LES FIANÇAILLES DE BEATA.[1]


I.

Lorenzo avait quitté Venise quelques jours après la brillante assemblée où l’abbé Zamaria avait raconté l’origine et les vicissitudes de la musique moderne. Il s’était rendu à Padoue pour y suivre un cours d’études dont le sénateur Zeno avait fixé lui-même les différens sujets. Il s’était séparé de Beata avec tristesse, mais sans amertume, car non-seulement Lorenzo et Beata croyaient se revoir bientôt, mais tout leur donnait lieu d’espérer que l’avenir couronnerait leurs vœux les plus chers. Aucun incident, aucune parole n’étaient venus trahir les véritables intentions du sénateur sur le chevalier Sarti, qui, aux yeux de tout le monde, paraissait appelé à une grande fortune.

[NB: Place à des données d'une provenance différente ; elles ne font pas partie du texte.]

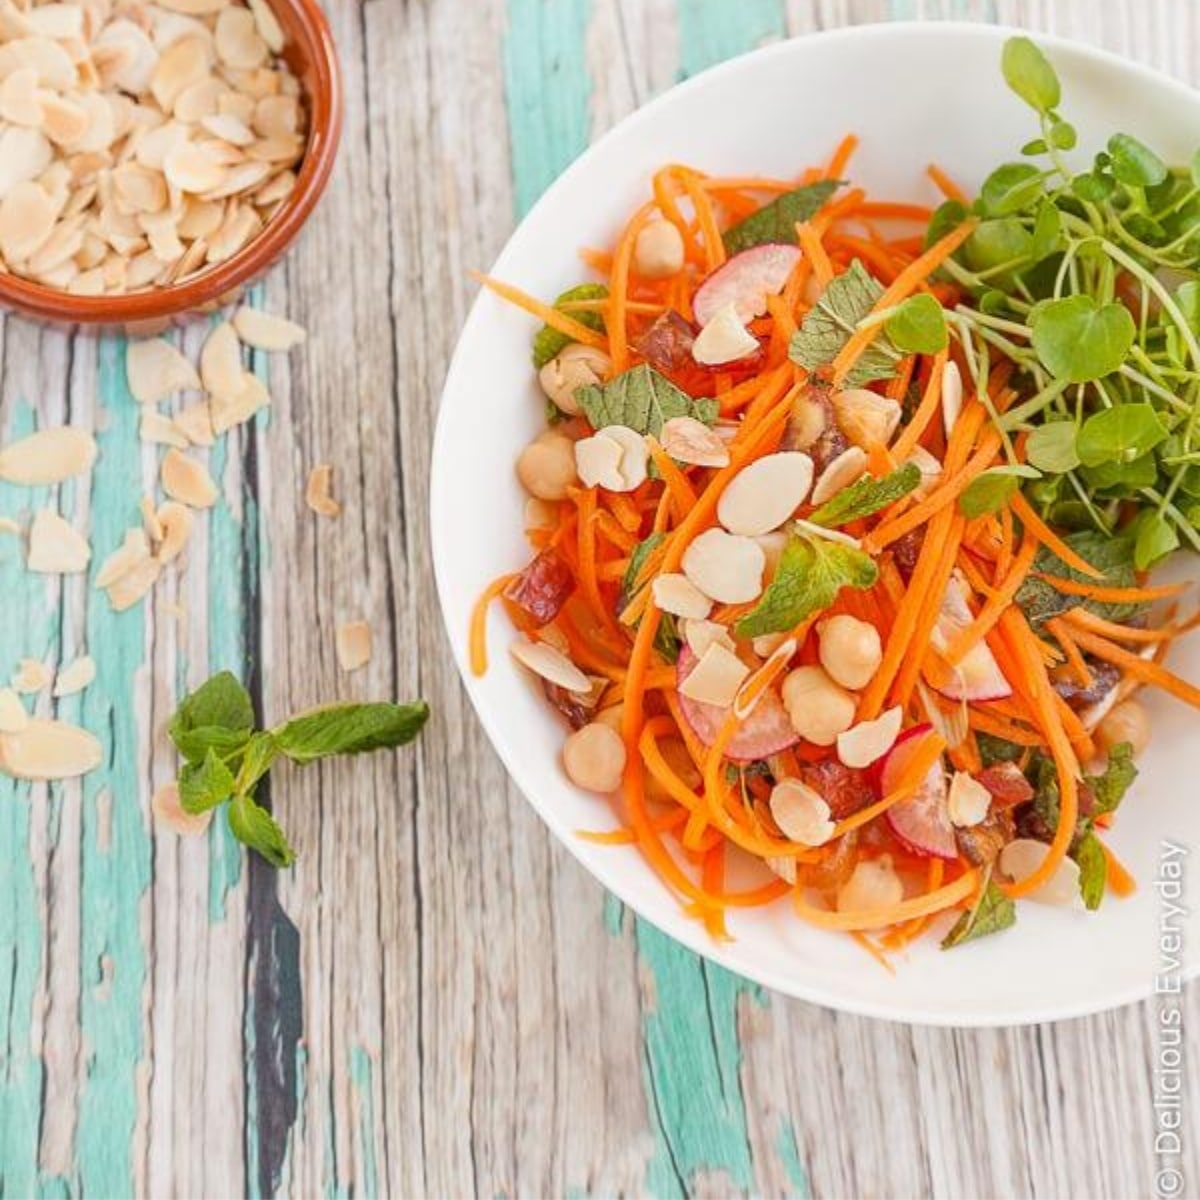 Moroccan Carrot Salad with Chickpeas | Vegan & Vegetarian | Delicious ...

En descendant le canal de la Brenta, Lorenzo put jeter les yeux sur la villa Grimani, dont le beau jardin et la longue charmille lui rappelèrent de doux souvenirs. Suivi de son domestique Vecchiotto, il arriva à Padoue dans le courant de l’année 1792. Le chevalier

  1. Voyez les livraisons du 1er janvier et 15 août 1854, 1er et 15 août 1855, 15 avril 1856.